His car was like his castle. Out of it, he was at work, in somebody else’s place; in it, he was at home. He looked serene, self-sufficient. In the top pocket of his overall (over a very thick, hand-knitted blue pullover) he had an empty, open, flip-top cigarette packet. This was his ashtray; the gesture with which he flicked ash into this packet was practiced. It was clearly an old habit or procedure, part of his tidiness as a decorator. The tidiness, the concentration required for painting, the way sometimes his face went close to his painting hand, the silence in which he worked for ninety minutes or so at a time, his solitude — this gave him a disturbing presence, made him seem more than his job and his appearance, the pinkness of his skin and the whiteness of his overall.

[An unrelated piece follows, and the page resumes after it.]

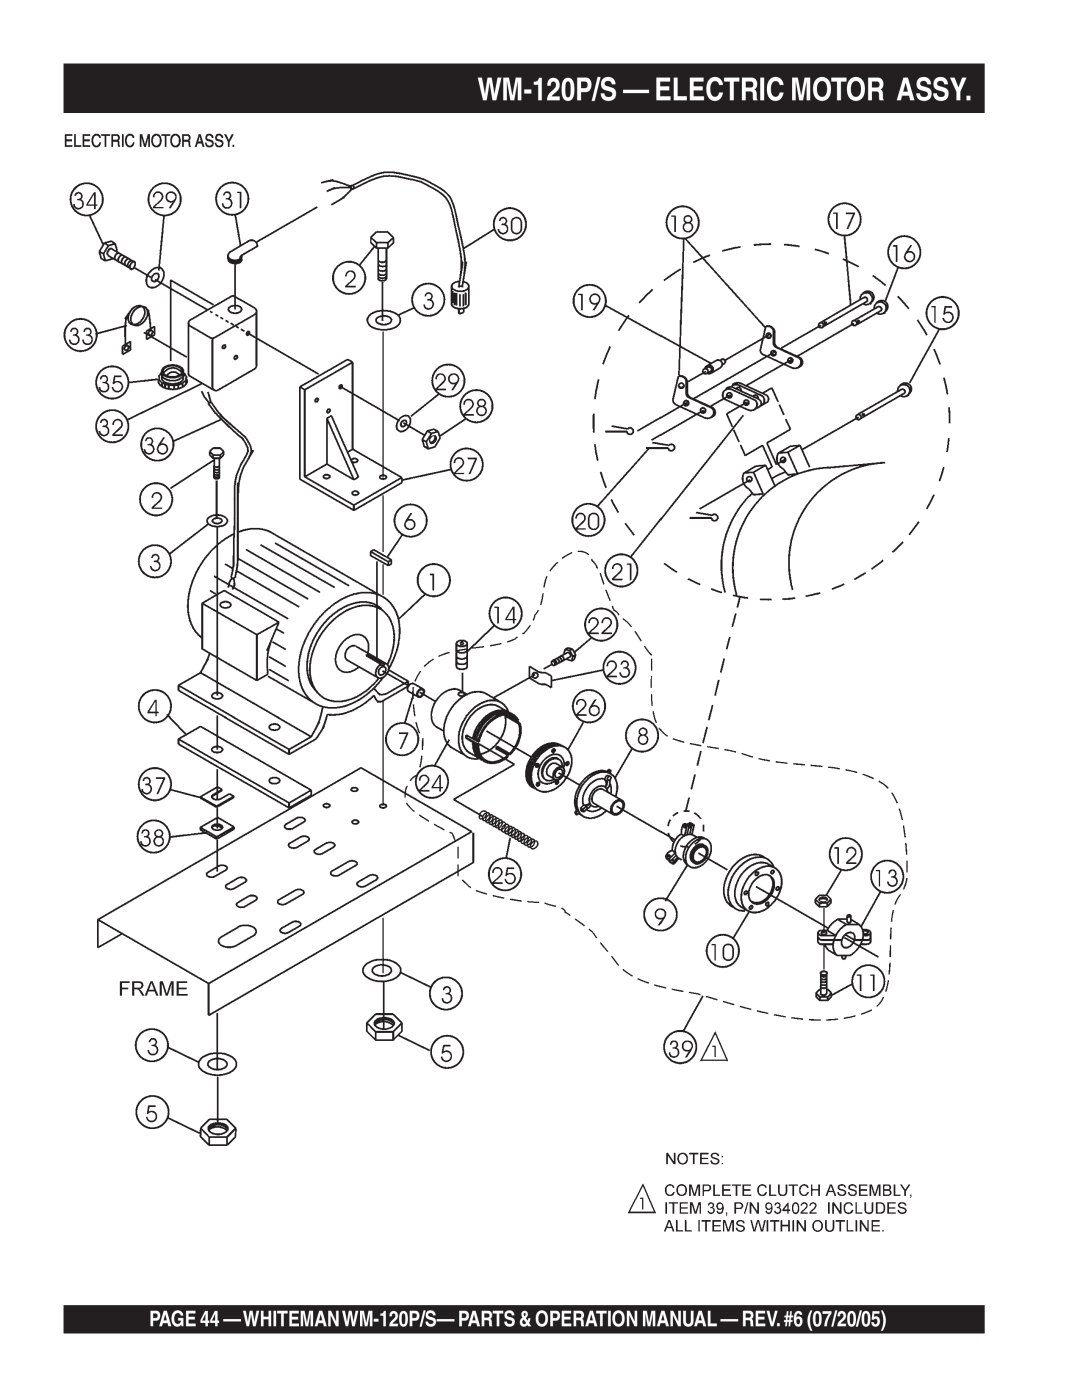 Multiquip WM-120PM operation manual WM-120P/S - ELECTRIC MOTOR ASSY, Electric Motor Assy 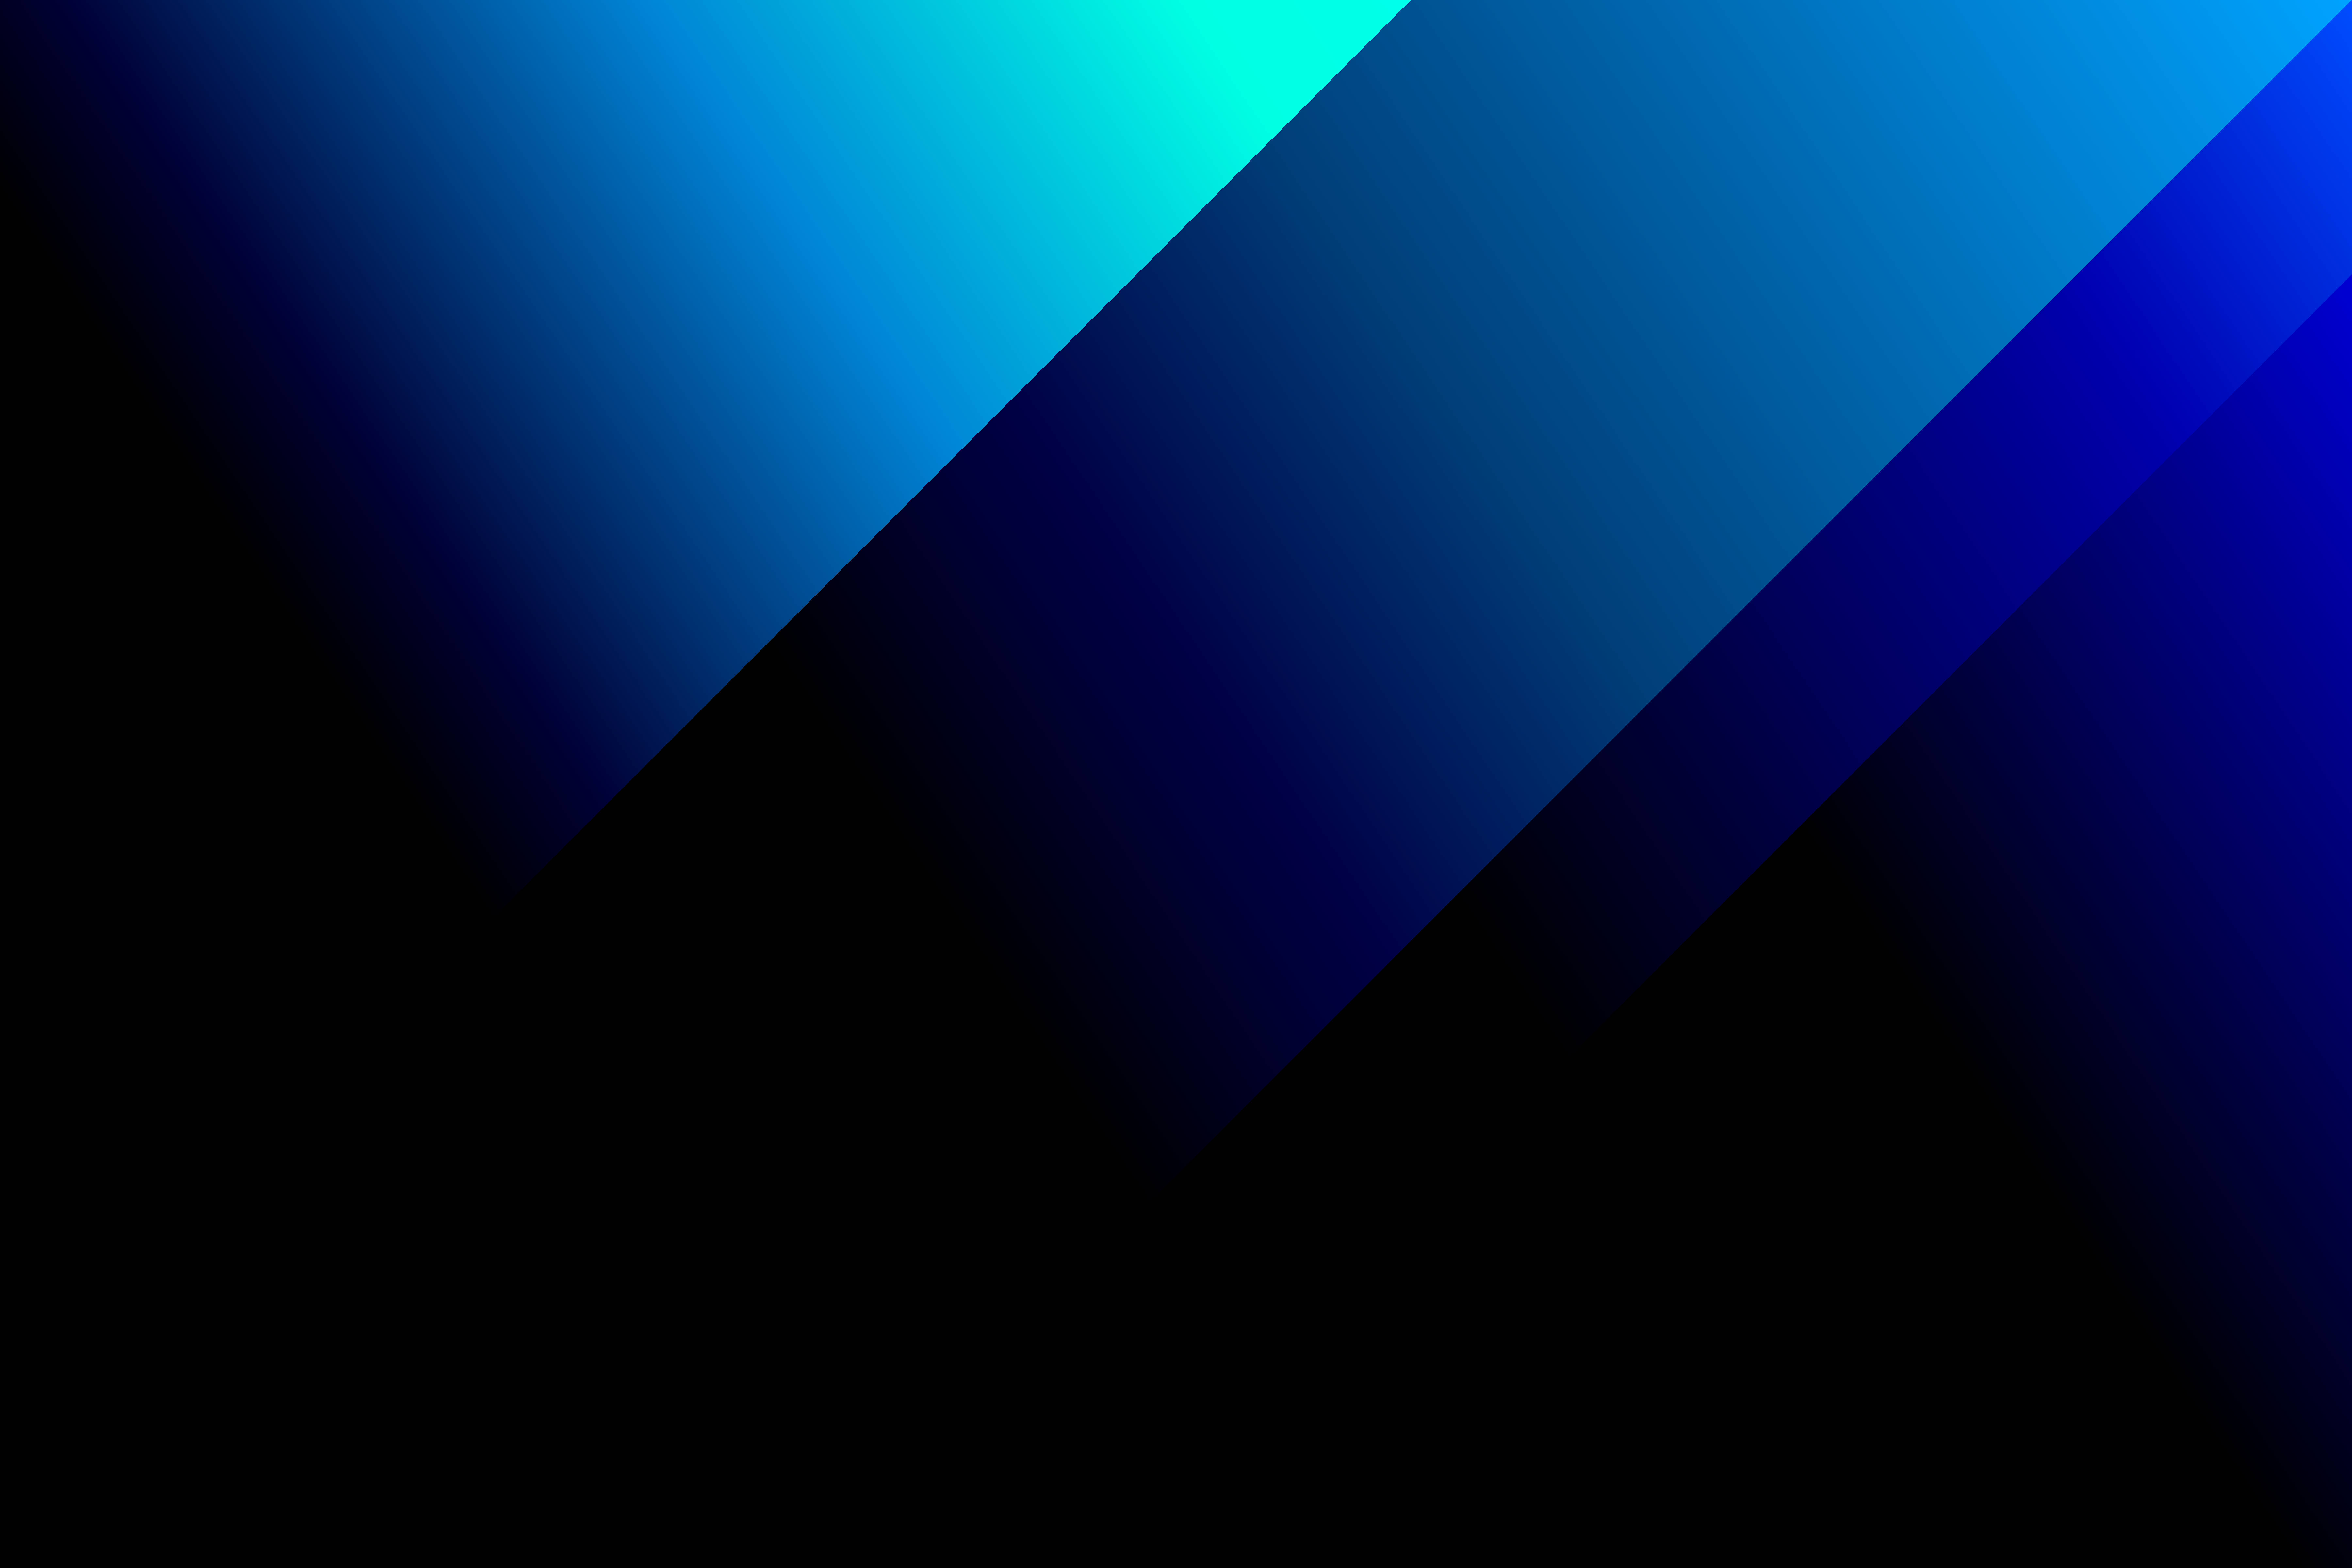 Download Solid Dark Blue And Black Vector Wallpaper

And I found, when I began to talk to him, that he had a curious voice: it was soft, evenly pitched, childlike, passive.
He took his cigarette-packet ashtray seriously. I said I liked the idea. He didn’t dismiss it or make a joke about it. He spoke very seriously about it. He told me when the idea had come to him and how it had come; people always remarked on it, he said.
And as we talked at various times over the days — he was ready to talk: his solitude was like something imposed on him, something he didn’t mind setting aside — I found that he took everything about himself seriously, that he regarded himself with a kind of awe. There was something else: he seemed to be looking at himself from a distance, all his habits, his rituals. He was awed by what he saw: he didn’t understand what he saw.
Even this sitting at intervals in his car — that was puzzling to him, because that was when he also took his pills. He took his pills and studied the racing page, because his dream was to be a full-time gambler, a serious gambler. Not betting like a pensioner on outsiders, but betting on favorites all the time: it was the only way to make a living out of gambling. He needed his pills; he took two sorts four times a day. He could do nothing without his pills; he went nowhere without his pills. The pills kept him going. And it was through Mr. Phillips, long ago, that he had discovered the pills. That was the connection with Mrs. Phillips, though, as he said, he didn’t know Margaret so well.